A well-publicized survey of 1,200 junior high students revealed a disturbing fact: today’s kids do not have heroes. When asked “Who is your hero?,” a majority of students responded “None.” For those who could conjure up a hero at all, many identified a popular singer, actor, or sports figure—usually not a person of exceptional character or courage. The next generation seems to have lost the conventional meaning of “hero” and seems to be saying the whole concept of heroism is somehow out of date.
Commenting on the confusion between celebrity-worship and hero-worship, American historian Daniel Boorstin has warned, “We lose sight of the men and women who do not simply seem great because they are famous but are famous because they are great. We come closer and closer to degrading all fame into notoriety.”
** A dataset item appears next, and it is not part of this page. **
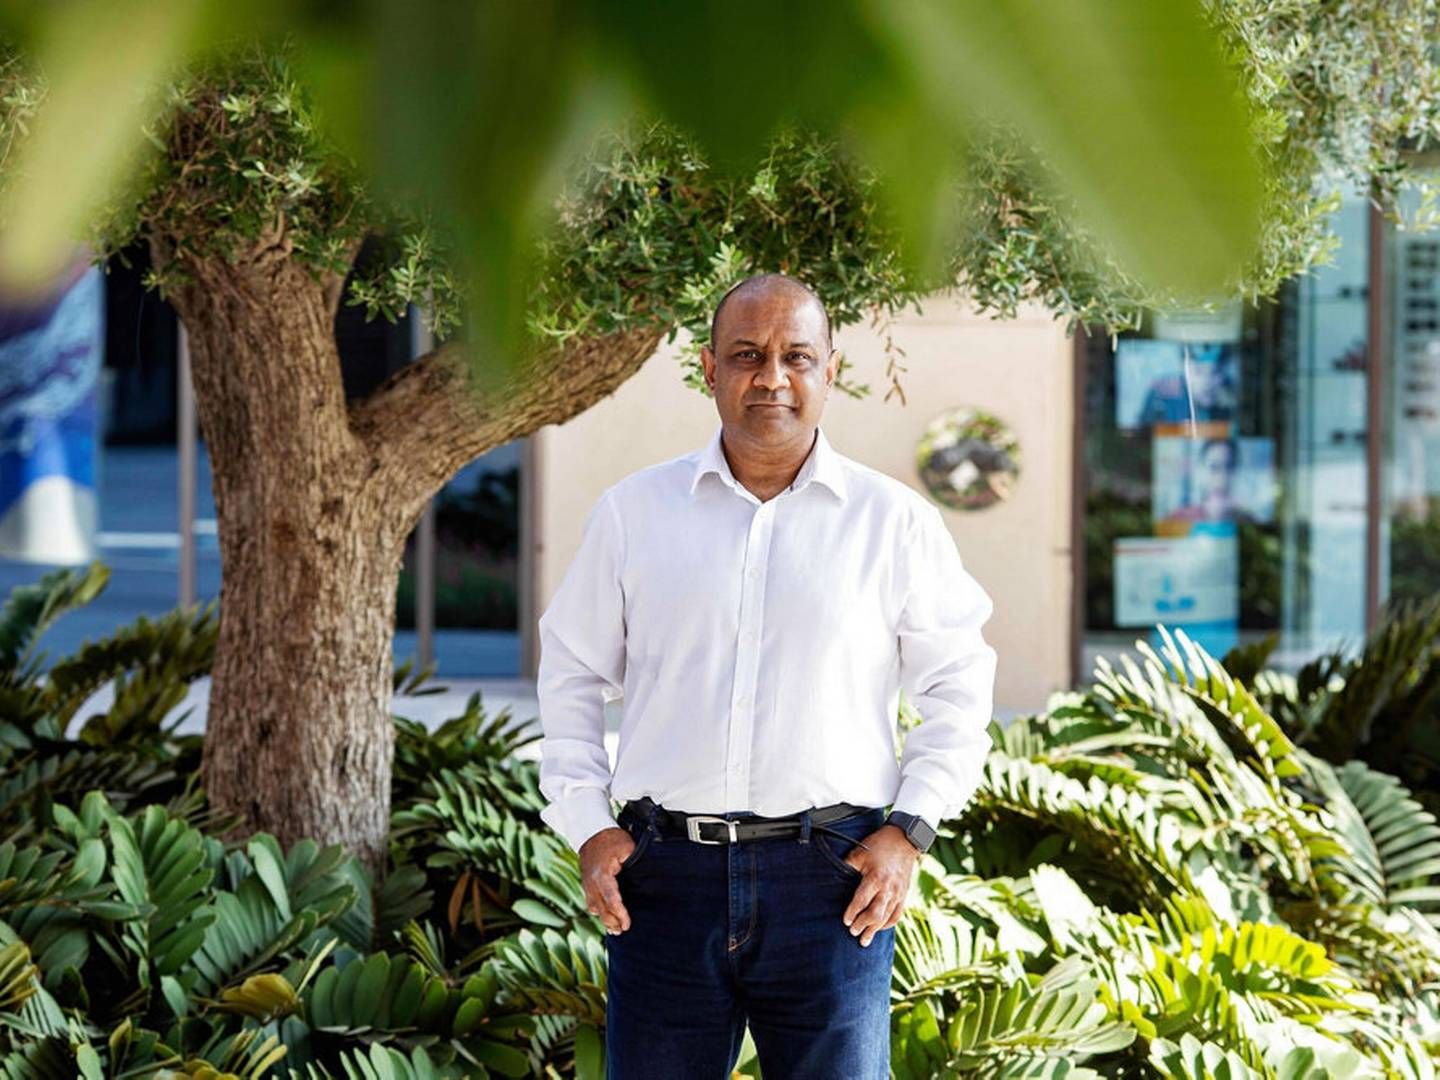 Britiske Sanjay Shah blev i juni anholdt af politiet i Dubai i De Forenede Arabiske Emirater, hvor han har boet i en villa på den kunstige palmeø Jumeirah. I Danmark er han tiltalt for svindel for over ni milliarder kroner. Sanjay Shah nægter at have brudt loven. Arkivfoto: Christopher Pike/Ritzau Scanpix

It can be argued that a society’s heroes speak volumes about the society. If so, we’re in trouble. As former Education Secretary William Bennett has written, “Such a fad (i.e., the abandoning of heroes) is dangerous because it puts children’s ideals, aspirations, and their notions of self-worth in jeopardy.” It has always been up to adults to pass along to the next generation through education an appreciation of those individuals—and their character traits—who are worthy of respect, love, and emulation.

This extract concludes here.